Sobre o Oceano Antártico que circunda a Antártida, os ventos podem girar ao redor do globo relativamente sem impedimentos de terra - sem continentes chatos para atrapalhar. Marinheiros intrépidos, presumivelmente com um toque dramático, apelidaram essas latitudes austrais de Quarenta Rugidores, Cinquenta Furiosos e Sessenta Gritantes por causa dos fortes ventos predominantes. Os nomes sugerem um sistema climático que tem ido à academia e não tem medo de mostrar.

Quando esses ventos encontram uma barreira como uma ilha, a perturbação no fluxo de ar pode ser bonita - um lado positivo da nuvem de, bem, nuvens reais. Um obstáculo, mostrado aqui, é a remota Ilha Pedro I. Este vulcão coberto de gelo fica a 68,86 graus de latitude sul no Mar de Bellingshausen, a cerca de 400 quilômetros (250 milhas) da costa da Antártida Ocidental e mais de 1.800 quilômetros (1.100 milhas) do Cabo Horn, Chile. É o tipo de lugar para onde você iria se realmente, realmente quisesse ficar sozinho.
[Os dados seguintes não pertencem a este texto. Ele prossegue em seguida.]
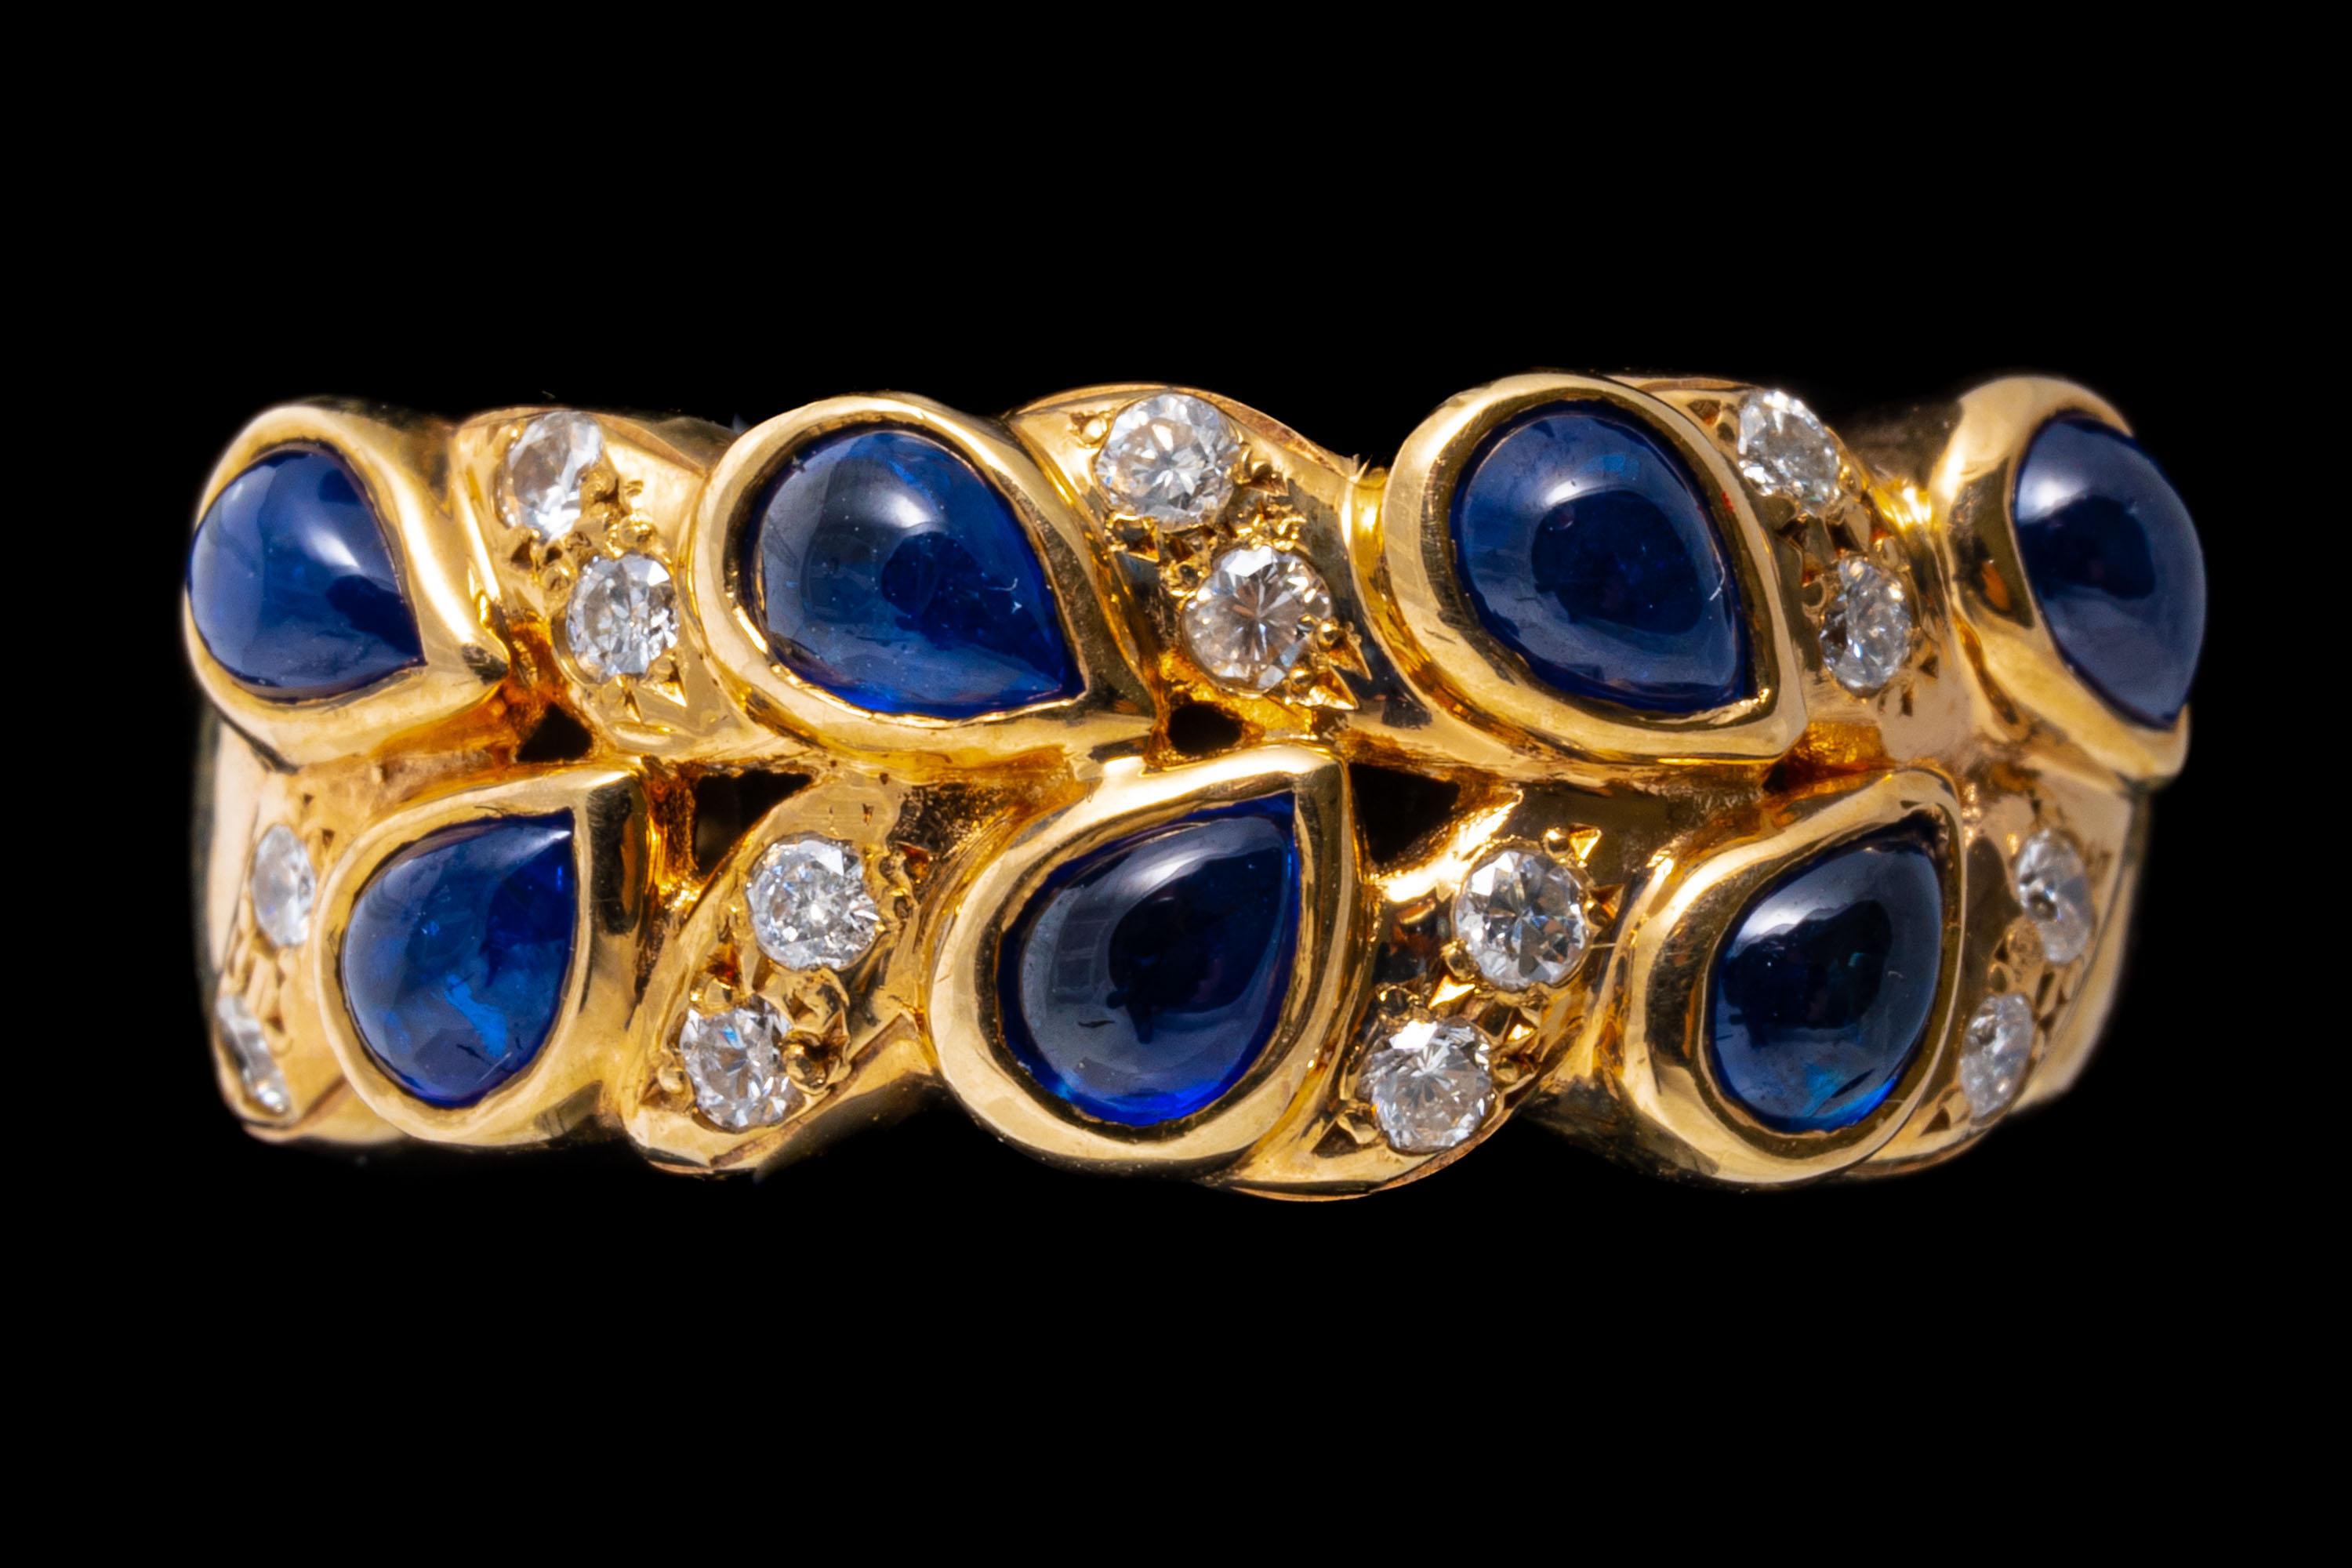 14k yellow gold ring. This handsome dome ring contains round faceted diamonds, approximately 0.14 TCW and punctuated with pear shaped cabachon cut, medium blue color sapphires, bezel set. The ring is finished by high polished shoulders.
Marks:

Em um dia de verão austral de 2026, o satélite Landsat 8 capturou esta imagem de ruas de vórtices de von Kármán a sotavento da ilha. Essas espirais contrarrotantes se formam quando o ar em movimento é desviado, desacelera e gira em redemoinhos - a versão da natureza de um ciclo de centrifugação em câmera lenta. Um vento forte, mas talvez não exatamente "gritante", provavelmente estava soprando naquele dia. As velocidades do vento normalmente precisam estar entre 18 e 54 quilômetros (11 a 34 milhas) por hora para que os vórtices se formem. Com ventanias mais fortes, os redemoinhos não conseguem manter sua forma - são como um suflê em um furacão. No dia seguinte, ruas de vórtices apareceram dentro de um complexo conjunto de tipos de nuvens perto da ilha, como se a atmosfera estivesse se exibindo.

Onde as nuvens se abriram ao redor da ilha, parte de sua estrutura gelada tornou-se visível para o satélite. Uma cratera circular de 100 metros de largura fica em seu cume, a 1.640 metros (5.380 pés) acima do nível do mar. O Programa de Vulcanismo Global da Smithsonian Institution descreve a ilha como um "vulcão em forma de escudo", mas não há registros de erupções recentes. Então está adormecido, ou apenas muito, muito tímido sobre sua atividade vulcânica.

A pesquisa científica na Ilha Pedro I tem sido limitada devido à sua localização remota e às condições desafiadoras de gelo ao seu redor - basicamente, é um saco chegar lá. A ilha foi descoberta em 1821 pelo explorador russo Fabian Gottlieb von Bellingshausen e nomeada em homenagem a um czar, mas ninguém desembarcou nela até 1929. Isso é mais de um século de pessoas dizendo: "Sim, vemos, mas não vamos chegar muito perto." Os relativamente poucos estudos desde então focaram em geologia, biodiversidade e a história climática registrada em seu gelo - os suspeitos de sempre para uma rocha congelada e isolada.

A NASA pesquisou a ilha durante uma campanha do Operation IceBridge em 2011. Esta missão científica aérea coletou um conjunto de medições sobre o gelo polar da Terra no período entre as missões dos satélites ICESat e ICESat-2 para sustentar o registro de observações nessas regiões. Enquanto o avião DC-8 da NASA voava de volta para o Chile a partir da Antártida, onde as equipes passaram o dia medindo a Plataforma de Gelo Getz e a Geleira Thwaites do ar, a tripulação a bordo teve um raro vislumbre (acima) da ilha remota. É o tipo de vista que faz você esquecer que está em um avião apertado por um momento.